Entretanto, em situações excepcionais se admite a intervenção do Estado no direito de propriedade na busca da satisfação dos anseios coletivos, o que acaba por limitar direitos individuais dos proprietários. Trata-se corolário do princípio da “supremacia do interesse público sobre o privado”.

Desapropriação 
Dentre as modalidades de intervenção do Estado na propriedade, destaca-se a desapropriação, regulamentada no Decreto-Lei 3.365/41 e que consiste em forma de intervenção supressiva cujo Estado transfere para si a propriedade do terceiro particular mediante, em regra, o pagamento de indenização.

Durante longo lapso temporal, pendia controvérsia acerca do pagamento da complementação da indenização por desapropriação apurada em processo judicial. De um lado, os defensores da tese de que o pagamento deveria ser dar mediante o regime de precatórios por se tratar de condenação judicial imposta à Fazenda Pública, invocando o disposto no artigo 100, §1º, da Constituição e os princípios orçamentários.

Por outro lado, uma segunda corrente de entendimento defendia que o pagamento de indenização decorrente de desapropriação deveria se dar de modo direto e sem a submissão ao moroso regime de precatórios, incompatível com a garantia de pagamento “prévio” e “em dinheiro”, conforme previsão contida no artigo 5º, XXIV da CF e artigo 32, do Decreto-Lei 3.365/41.

Entendimento do STF
Ao analisar a matéria, o Supremo Tribunal Federal dispôs que o pagamento da diferença entre o depósito inicial realizado pelo ente público nas ações de desapropriação e o valor apurado em sentença realizado por precatório, em regra, não viola a garantia de indenização prévia em dinheiro, já que observa a proporcionalidade e o equilíbrio das contas públicas. Entretanto, caso o ente público expropriante não esteja adimplente com os seus precatórios, o pagamento deverá ser realizado por meio do depósito direto, consistindo em relevante exceção ao regime dos precatórios.
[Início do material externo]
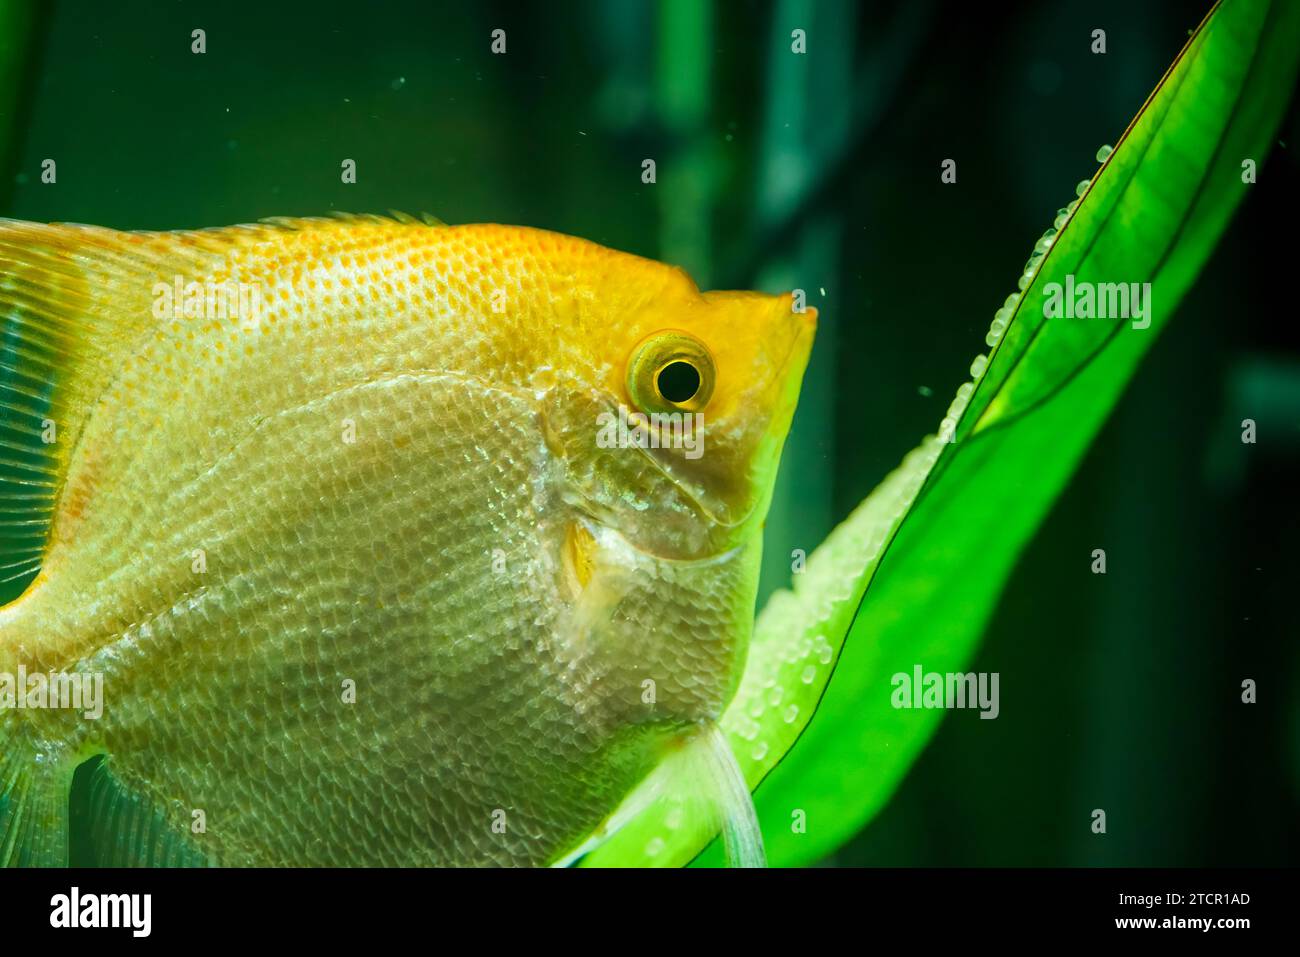 Gold Pterophyllum Scalare in aqarium water, yellow angelfish guarding eggs. Roe on the leaf Stock Photo

Cumpre a transcrição da tese firmada no Tema 865 do Supremo Tribunal Federal julgado em sede de repercussão geral e publicado no Informativo de jurisprudência nº 1113:

“No caso de necessidade de complementação da indenização, ao final do processo expropriatório, deverá o pagamento ser feito mediante depósito judicial direto se o Poder Público não estiver em dia com os precatórios” (STF. Plenário. RE 922.144/MG, Rel. Min. Luís Roberto Barroso, julgado em 19/10/2023 – Repercussão Geral – Tema 865. Informativo 1113).
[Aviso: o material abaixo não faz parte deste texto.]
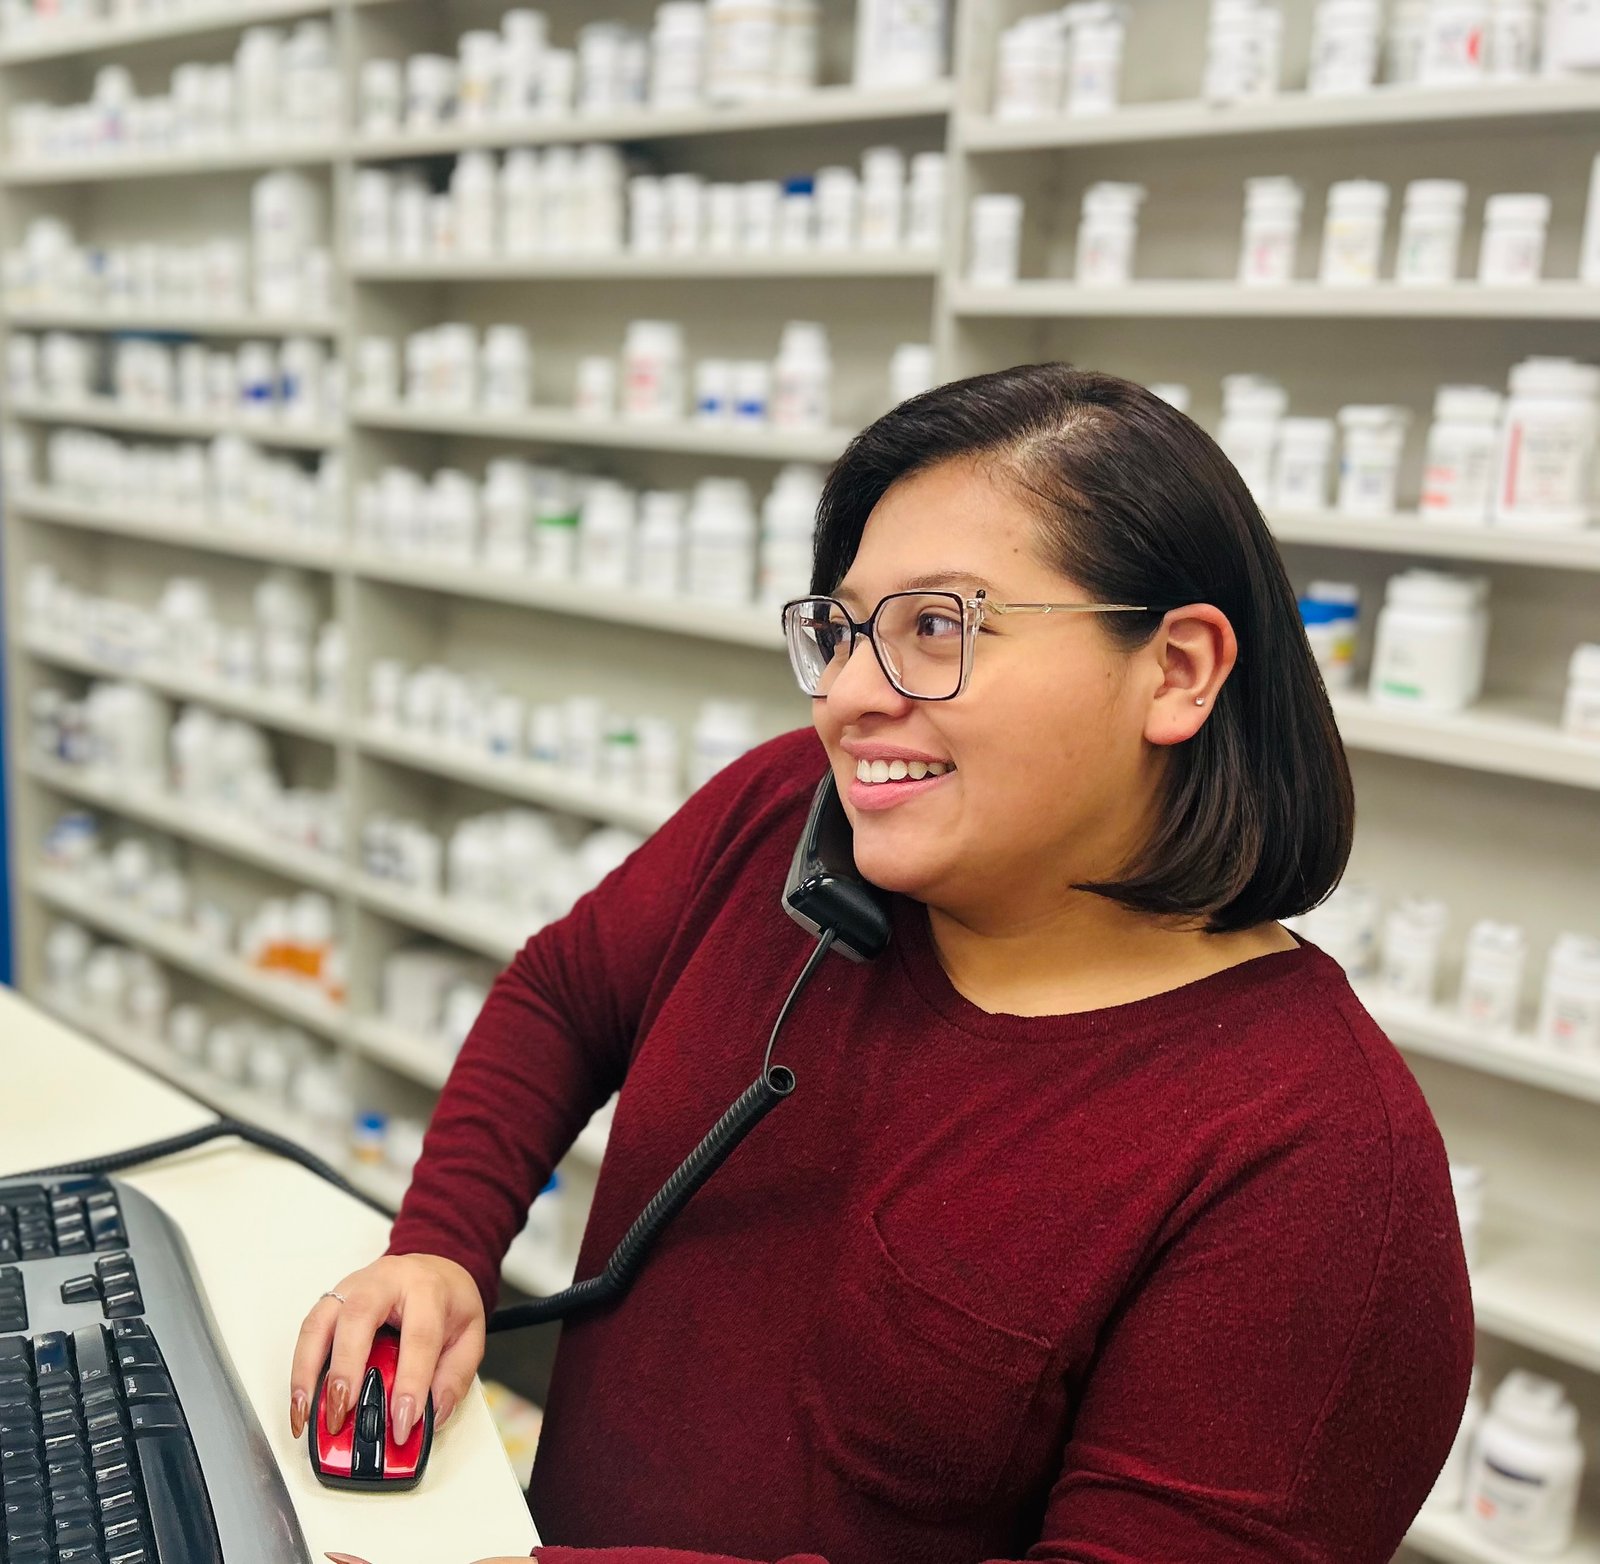 Meet Victoria, our Pharmacy Technician. Pharmacy Technicians are the unsung heroes at any high-functioning pharmacy, and it’s no different at Shady Grove Pharmacy.

O referido precedente, de observância obrigatória pelos demais juízes e tribunais (artigo 927, do CPC), se revelou em parcial sintonia com antiga crítica da doutrina especializada que questiona a condição de “Estado de Direito” do ente público que “arrasta à eternidade sua fila de credores pelos não menos abomináveis precatórios” (BEZNOS, Clóvis. Aspectos jurídicos da indenização na desapropriação. 2ª edição. Belo Horizonte: Fórum, 2016, p. 17).

Visão da doutrina
De todo modo, embora reconheça que houve acerto na decisão do STF, cumpre trazer à baila crítica doutrinária quanto à possibilidade do pagamento direto somente se o poder público não estiver em dia com os precatórios, por se tratar de exceção que não encontra respaldo no texto constitucional e uma contradição em seus próprios termos: “se o pagamento por meio de precatório não é prévio, por qual razão utilizá-lo, se o regime de pagamento precatorial estiver em dia? Nada justifica a exceção inserida na tese” (SCAFF, Fernando Facury).

Observa-se, contudo, possibilidade concreta do cidadão privado de sua propriedade em receber a indenização do Estado sem a incidência do comumente moroso regime de precatórios a partir do precedente da Suprema Corte.